### What the task requires
Reproduce the listing below exactly, except for its pictures.

### Information provided
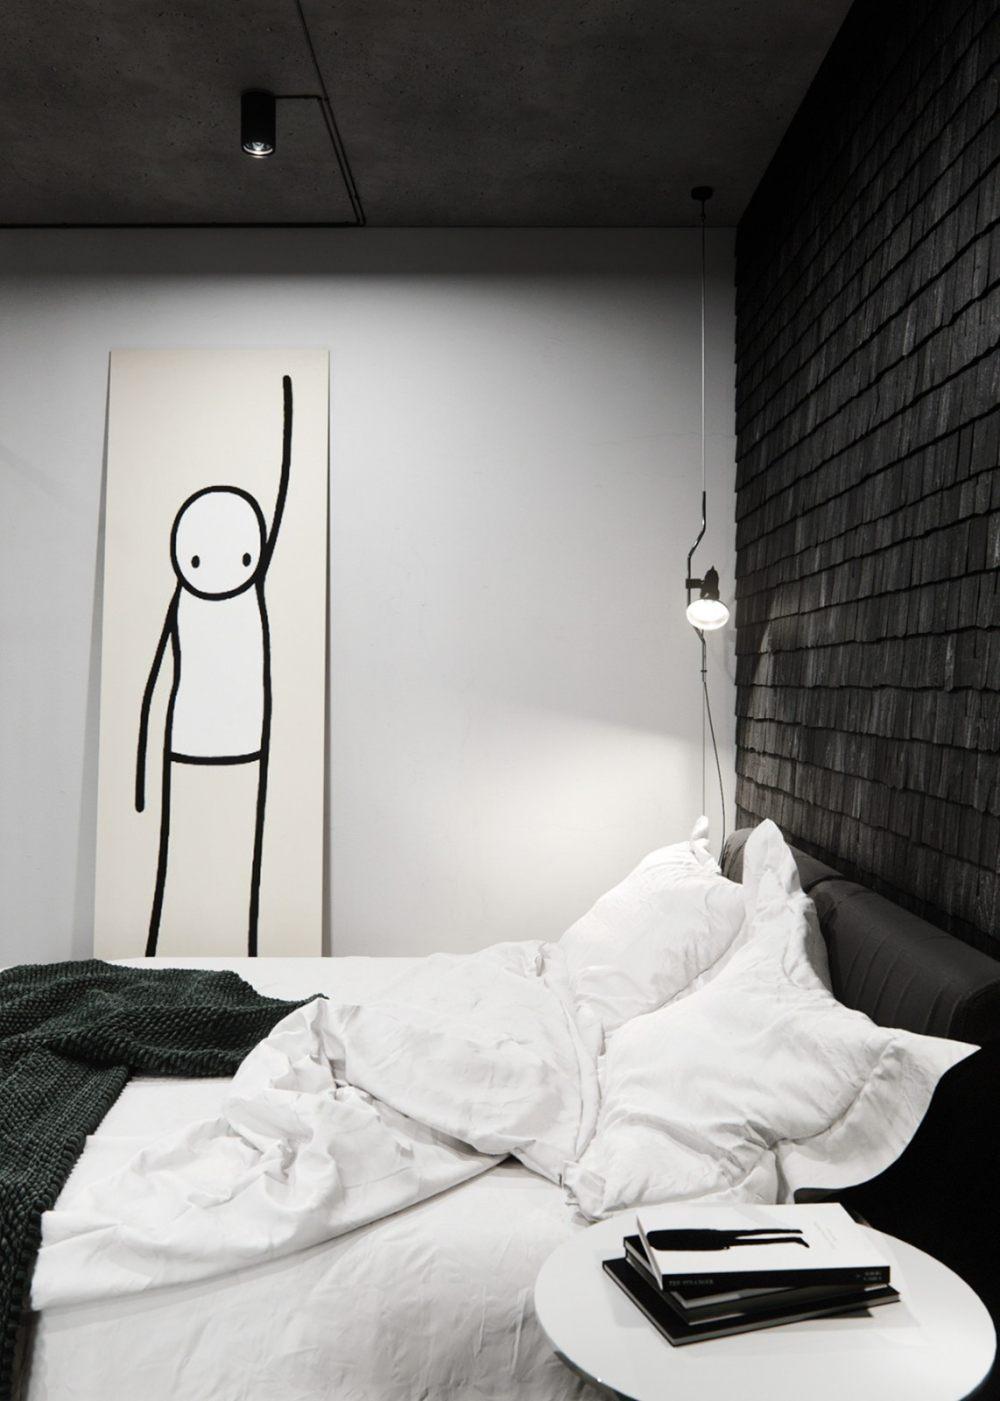 50㎡   年轻人单身公寓,真酷!  实景图+平面图   20P_50㎡年轻人单身公寓,真酷!13.jpg
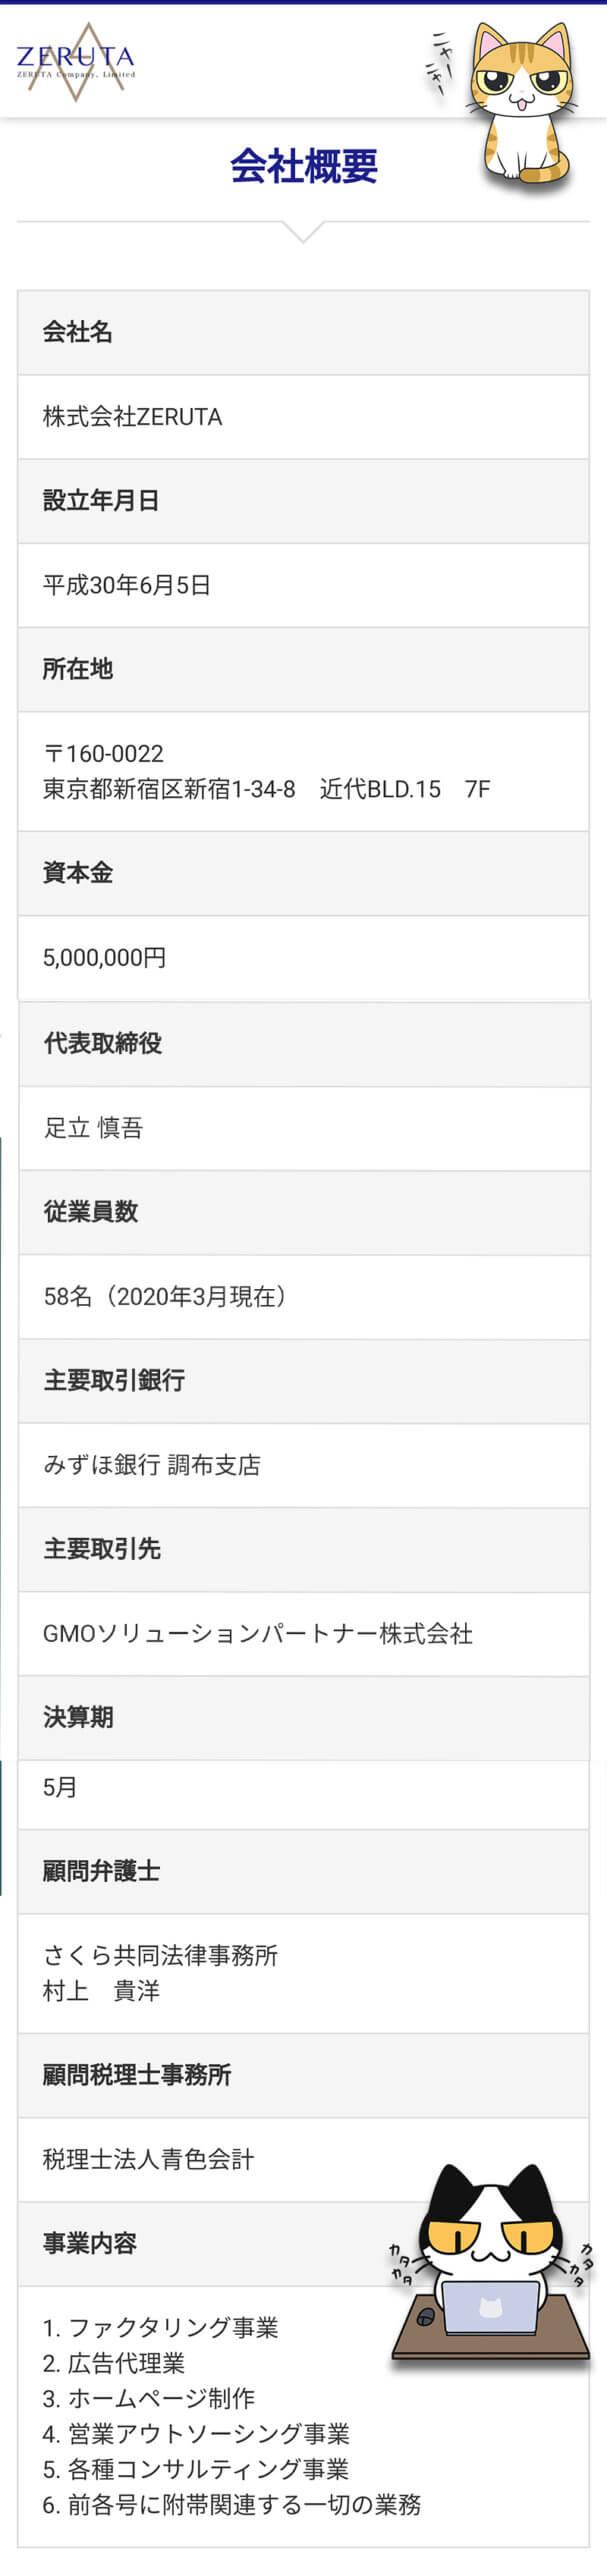 七福神株式会社ZERUTA
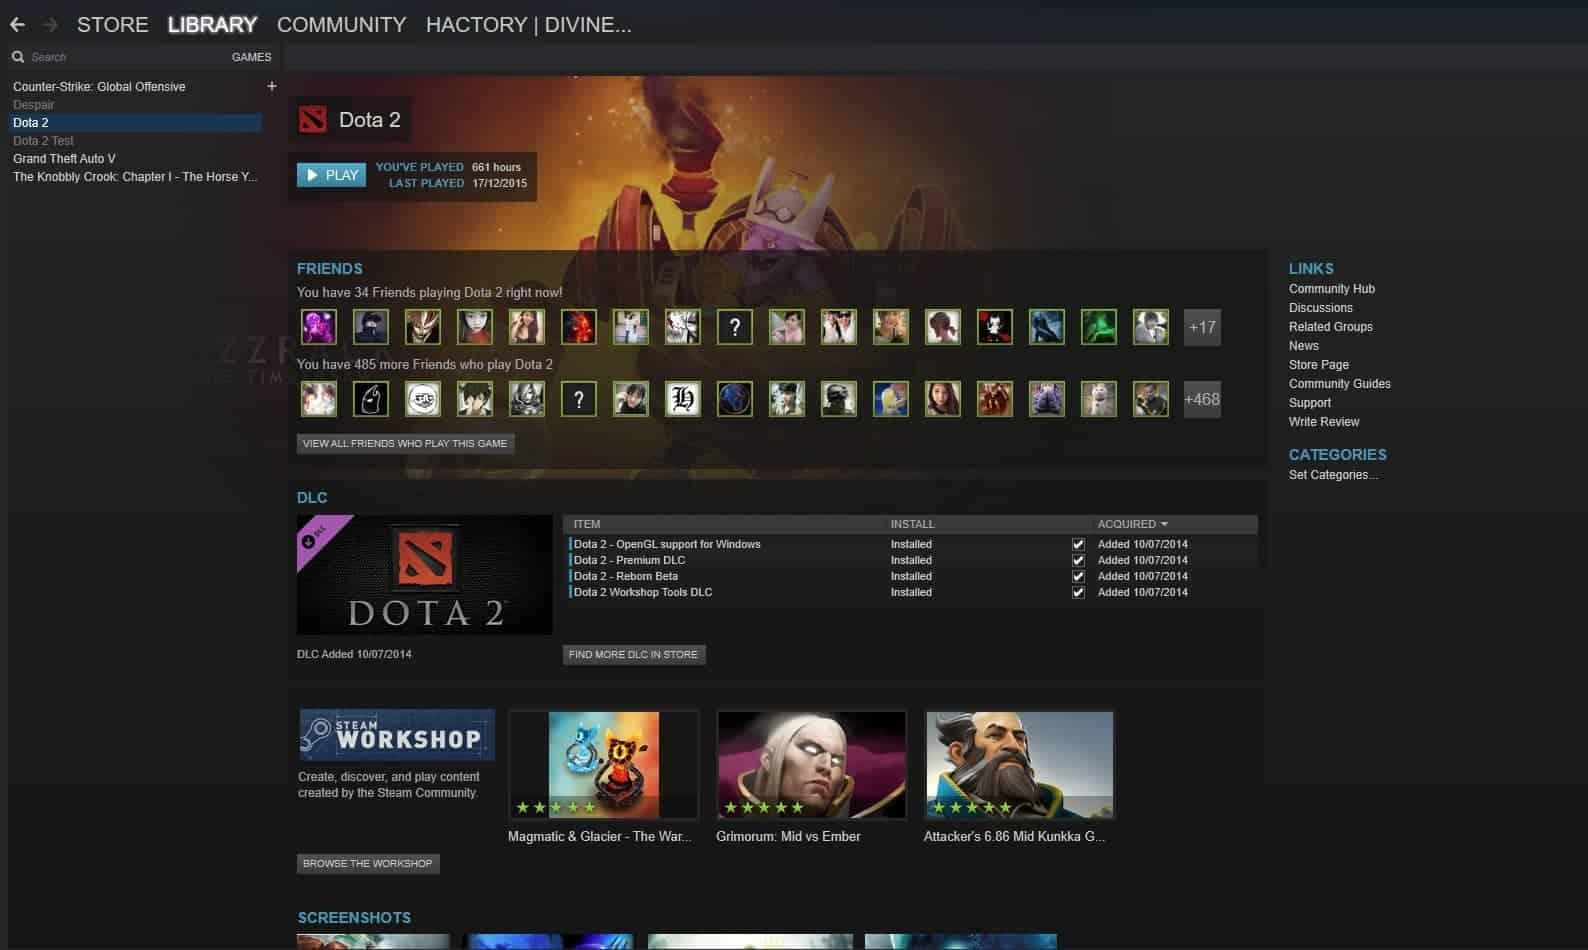 tải game miễn phí trên Steam
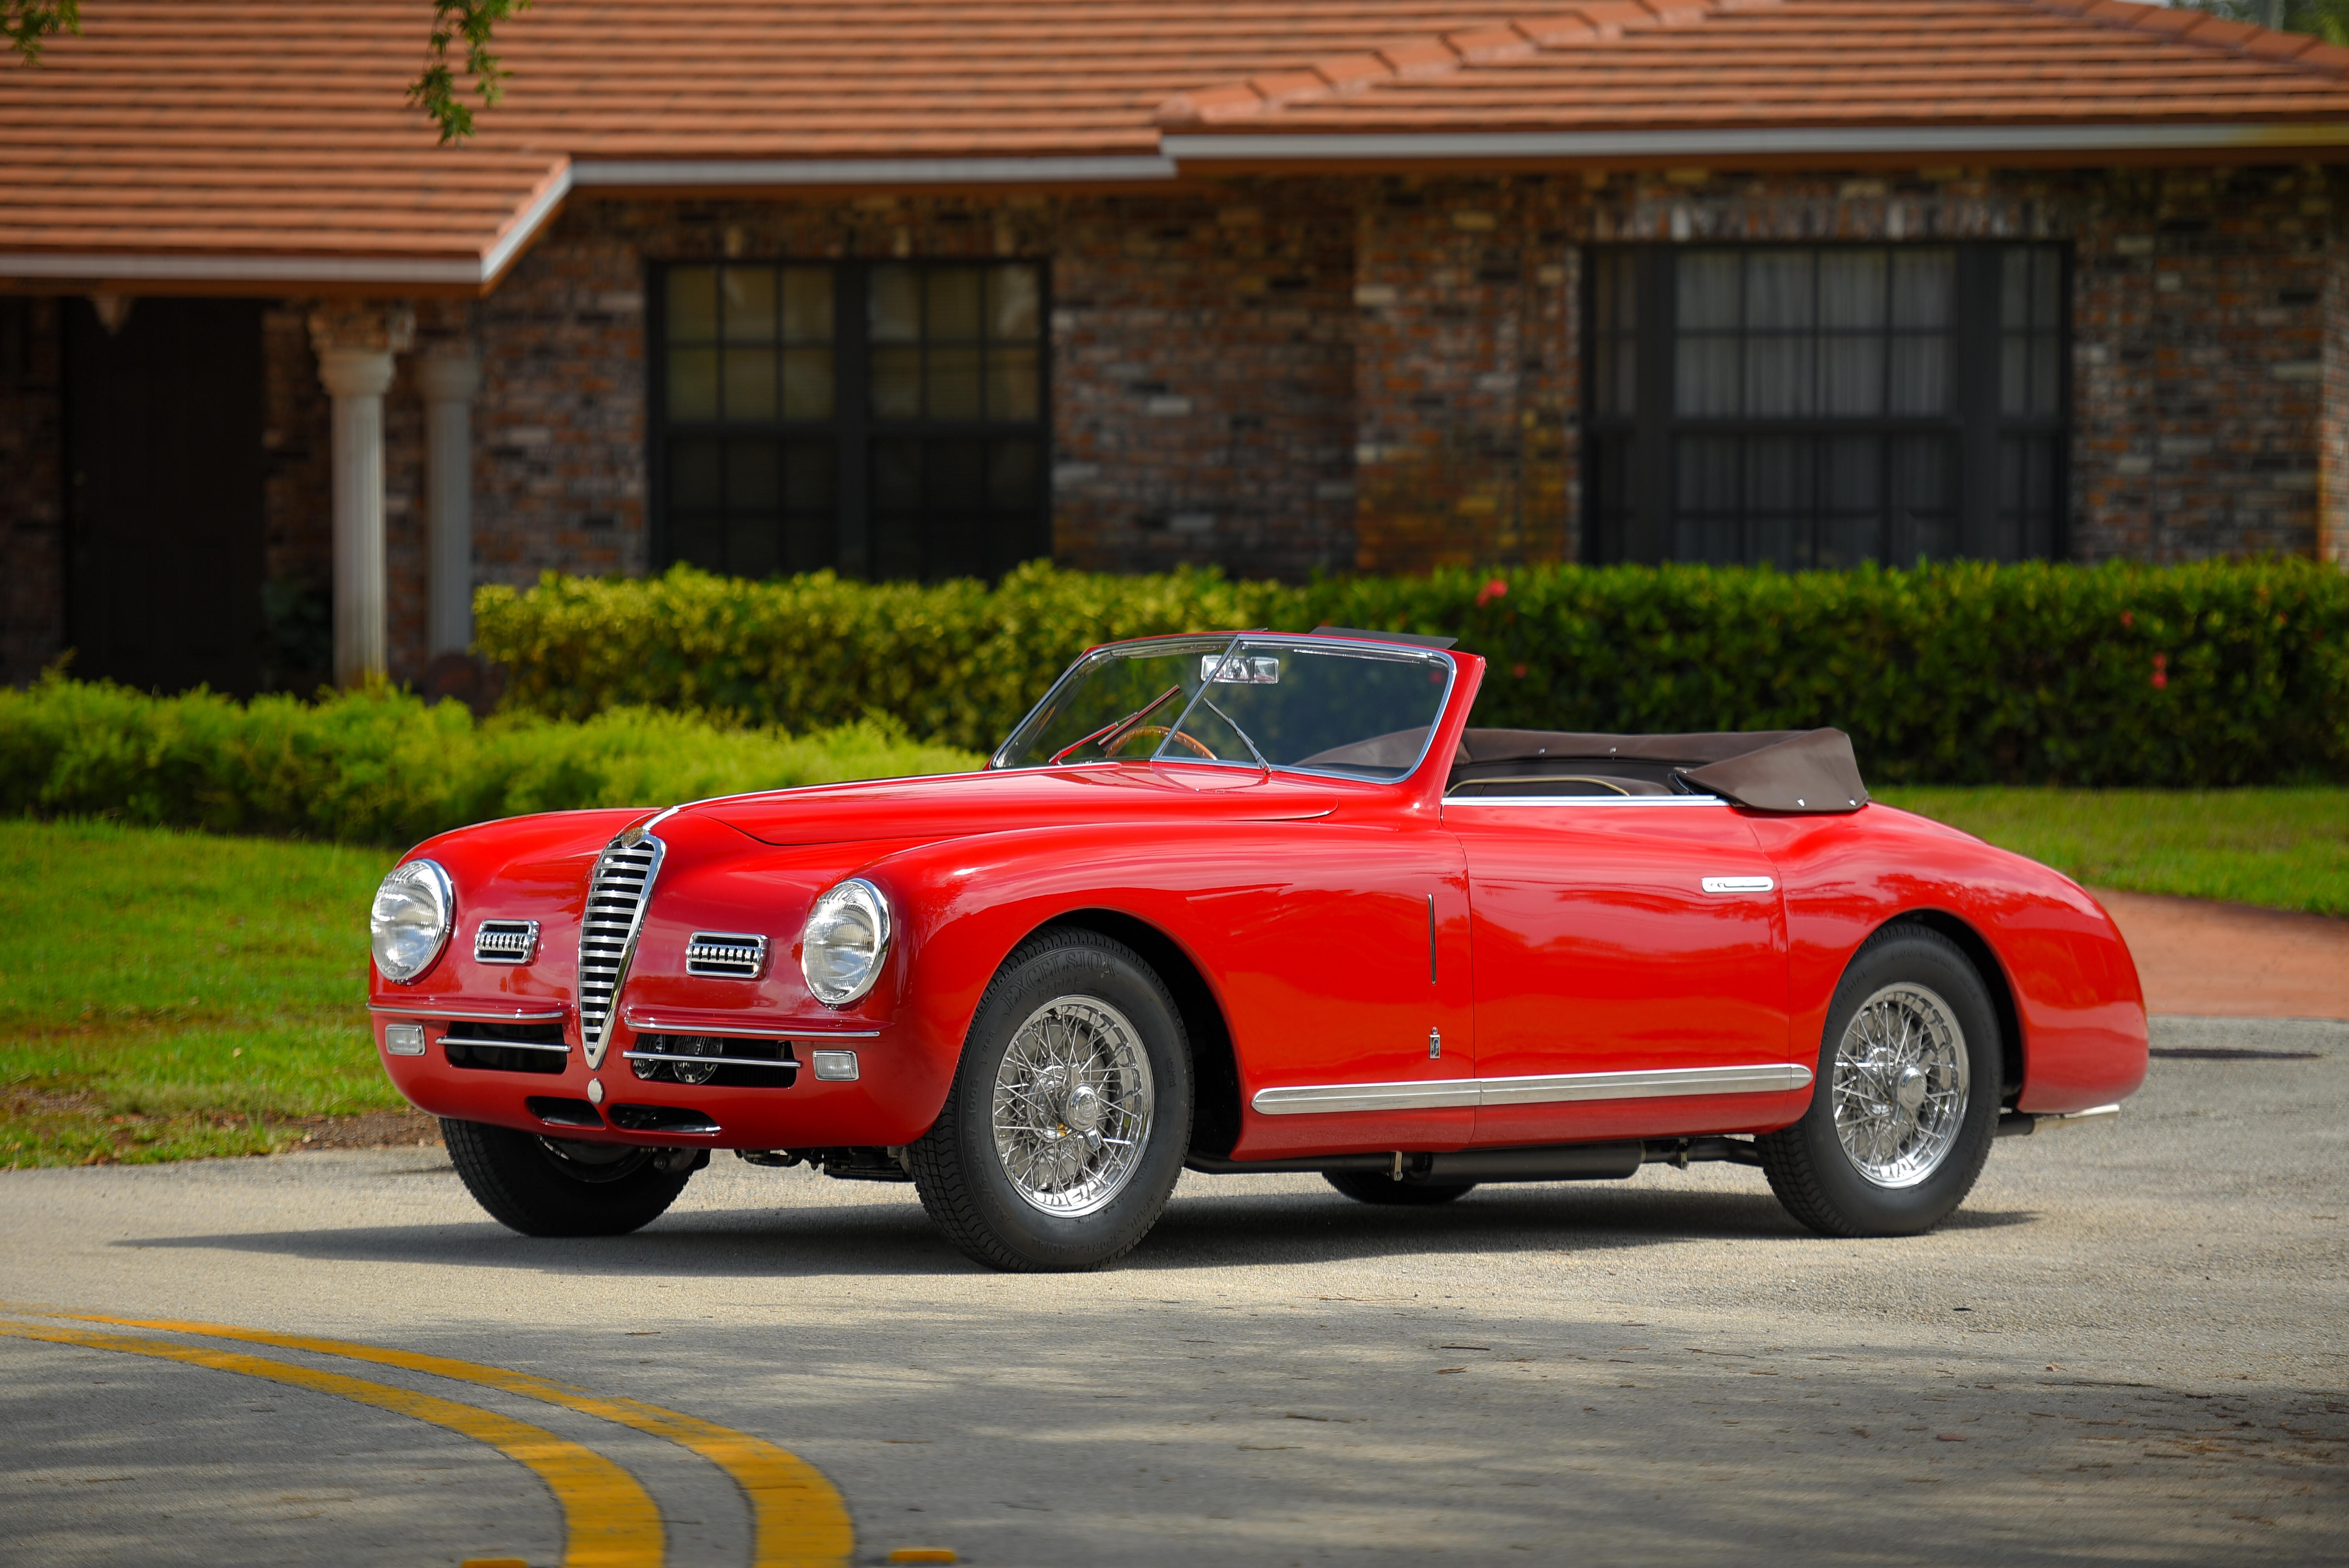 1949 Alfa Romeo 6C 2500 Super Sport Cabriolet

### Response to this exercise
 50㎡   年轻人单身公寓,真酷!  实景图+平面图   20P_50㎡年轻人单身公寓,真酷!13.jpg
 七福神株式会社ZERUTA
 tải game miễn phí trên Steam
 1949 Alfa Romeo 6C 2500 Super Sport Cabriolet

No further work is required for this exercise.